Question:
I am a 24 year old girl from Iran. I am a meditation beginner . These days I am getting out of a 3 year complicated relationship with a man which I loved so much, and I must confess I still do love him. He had a hard life while he was a child during the Iran-Iraq war, many other problems and pains in the previous years, death of his best friend and then the year after his mother died (they were really attached to each other) he went through a very serious mental problems, not accepting the fact of his mother’s death, anger, addiction and I can make u a list till tomorrow!!!and last year his older brother died!
He loves me so much ,but I think it’s no good for me to continue being in this relationship and he is not making any progress, I tried so hard to help him but he is the one who has to help himself. I am so tired, so hurt and i want to heal my own pains but why there is still a tiny little hole of hope inside me that makes me dream that maybe one day we can be together and everything will be fine and he will be healed and he will become wise.
I am doing my life on my own, everything around me is fine, education, work, art(I am studying illustration),but I am trying to forget that this relationship maybe be on again in a long future, why do I have this hollow hope yet? Everybody tells me that u have still hope, but why really?!How can I le t it go? What should I do not thinking of it,???:(
p.s: sorry if my English is not rich enough, I hope I could convey what my question is…
Answer:
The reason it is so hard for you to let go is because you still love him and he loves you. I appreciate that you are tired and hurt and feel you are ready to work on your own wounds. Perhaps some of your frustration and difficulty lies in your perception of the situation. You said you have tried so hard to help him but that he is not making any progress. When one is in a close relationship with someone who is recovering from as much personal loss in their life, as your ex- boyfriend is going through, then the best help they can receive from their partner is simply their close presence, not their active work in “helping” them get better. The other point is that progress in recovering from grief and trauma does not usually follow a straight upward line. From your point of view you may not be able to accurately assess his real progress based on your own frustrations and unmet needs.
The other point I wanted to make is that when we are closely involved with someone whose problems are so obviously more dramatic than our own, we tend to think that we are not able to heal and work on ourselves because the others difficulties are so dominating the situation. In fact, whatever feelings we are going through at the time are the exact issues that we need to heal. So even feelings of being overlooked and insignificant, or not being powerful enough to heal someone you love—whatever emotional frustrations you are dealing with are precisely the wounds in your heart that you need to heal, whether you are with him or not.

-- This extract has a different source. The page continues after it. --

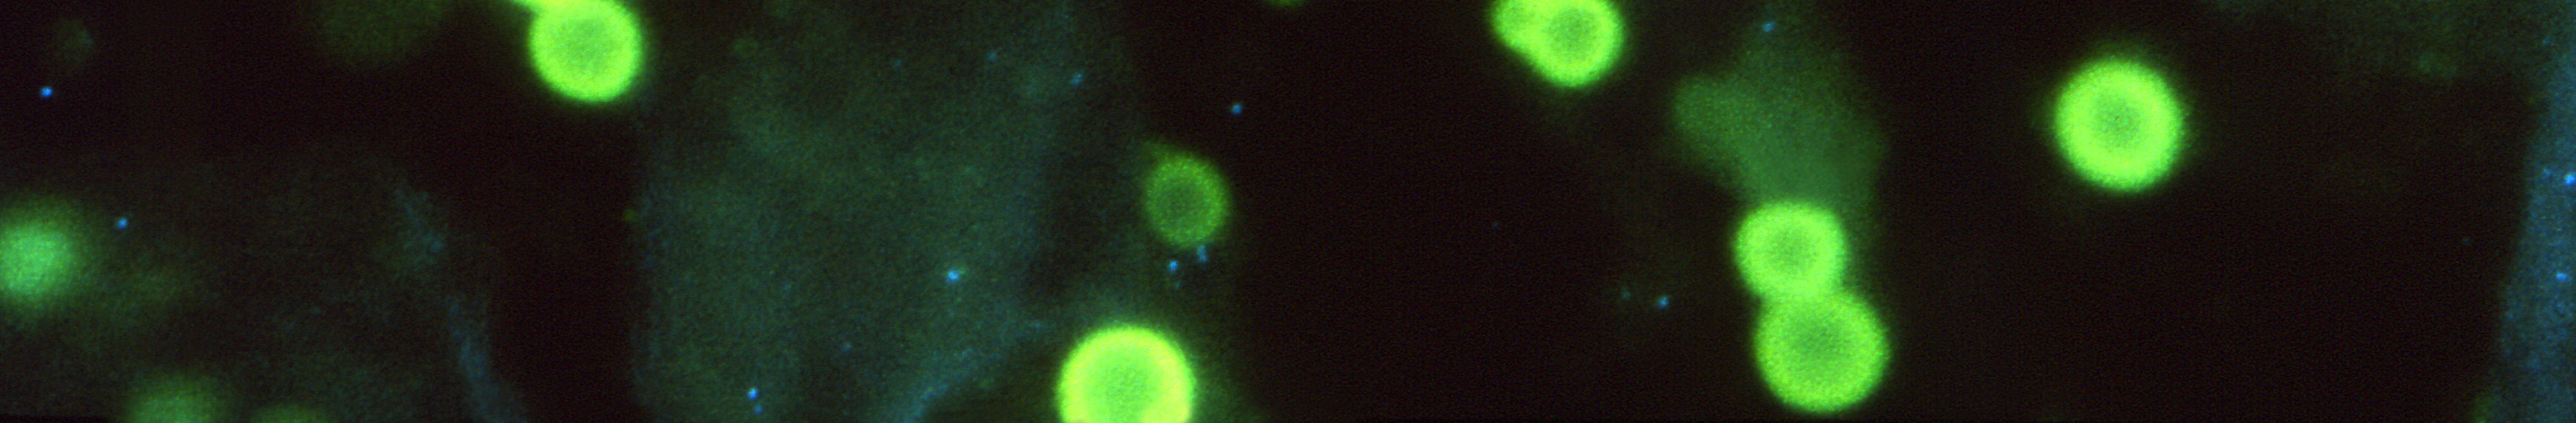 fluorescent antibody (FA)-stained sputum specimen, revealed the presence of oval shaped, budding Cryptococcus neoformans yeast cells, KAplan/CDC 1972
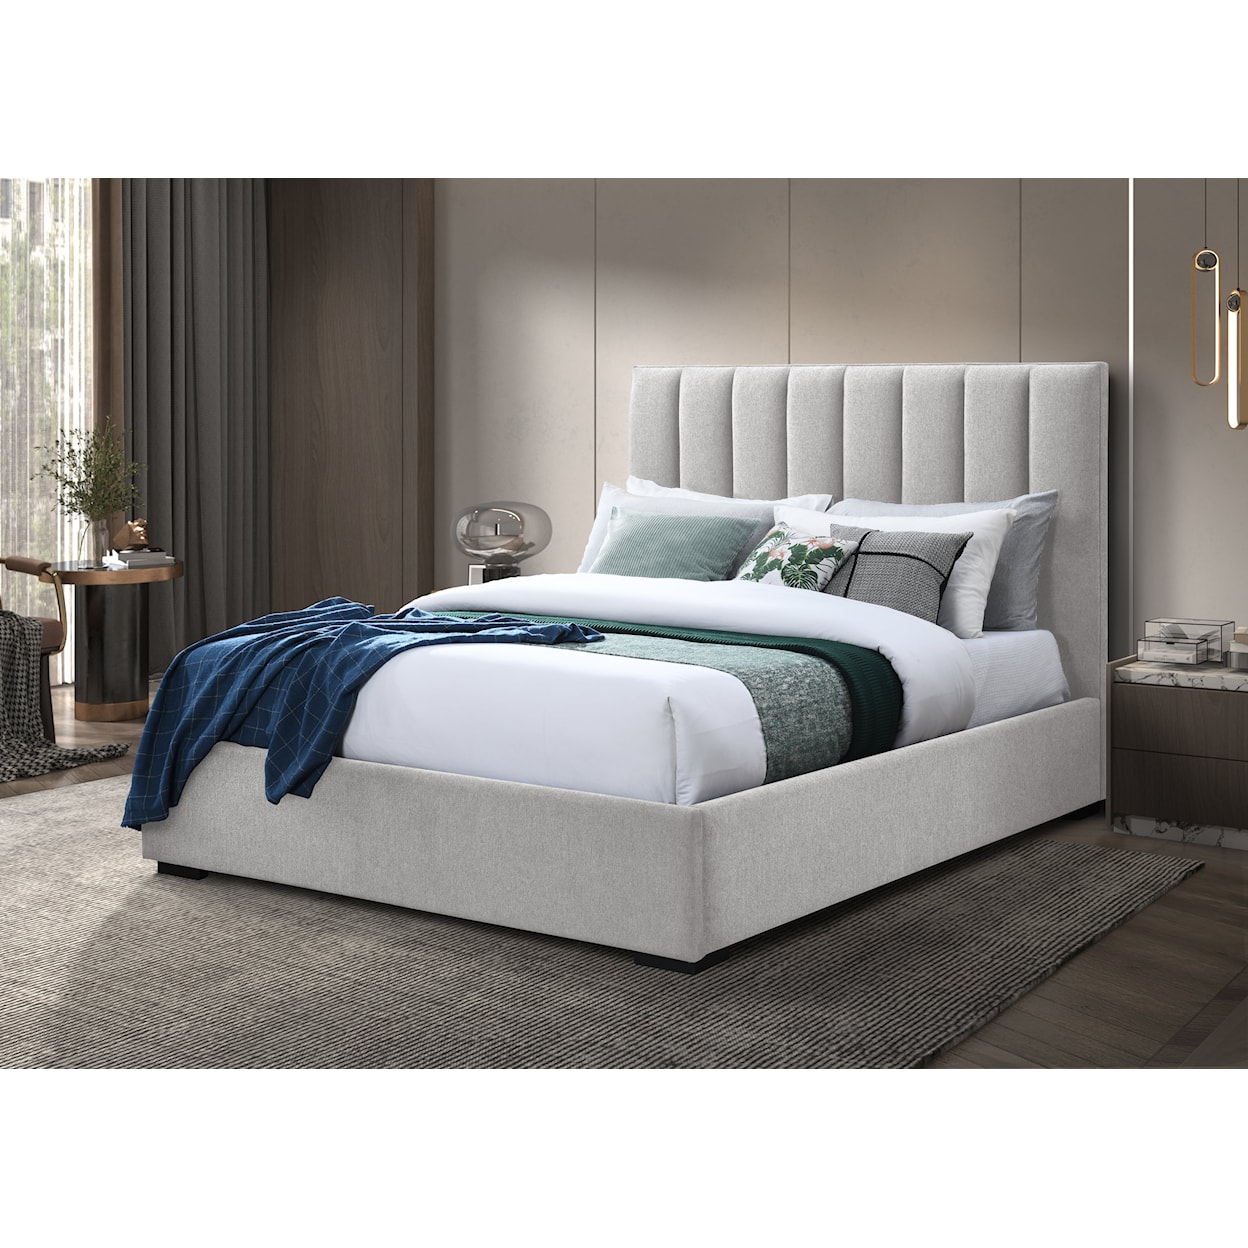 Lifestyle 9432A Upholstered Bed - Full

I believe the spark of hope you still hold for the relationship is your soul’s recognition that it is better to heal your heart with someone you love than alone. It’s not going to be easy either way, so consider what speaks to your heart, not to your frustrated mind.
Love,
Deepak



It's so beautiful and so enlightening thank 's Deepak for your wisdom
love
jocelyne
I concur.
ed
The Jigsaw of the Universe is a complicated one…
The wisest person in all creation couldn't ever take away the confusion you feel, when you understand why that is… then the Jigsaw clicks into place and was never seperated.
If you are alive then you will know suffering to a particular degree, it really hurts I know… consumes your mind it does.
The hardest thing to understand about personal suffering is that it is absoloutly neccasery… it is not even questionable to the point where deserve or undeserve comes into it…. You are it… you are suffering.. thats what you have become…
avoidence is futile… recognition and inquiry into emotional pain is a step forward… for example facing the source of your pain head on and bringing it under the scrutiny of your understanding or having realization into its relevance to your lifetime.
The Karma that your ex boyfriend has around him and is living out is not really that extrordinary yet it feels that way to you I suppose.
Love will always conquer the great divide no matter what that divide may be…
Love xx
I am your reflection as you are mine xx
Granpa Ed and crazee Simon…damn!
Beautiful answer Deepak.
A beautiful response. I too am still learning that being in relationship is the hardest work, the richest work, and perhaps the whole point of being a human being on the earth walk.
Peace be ~~ Julie
Wonderful reply. When I heal myself, I automatically heal my partner without my consciousness. Healing myself is the best way to help my partner.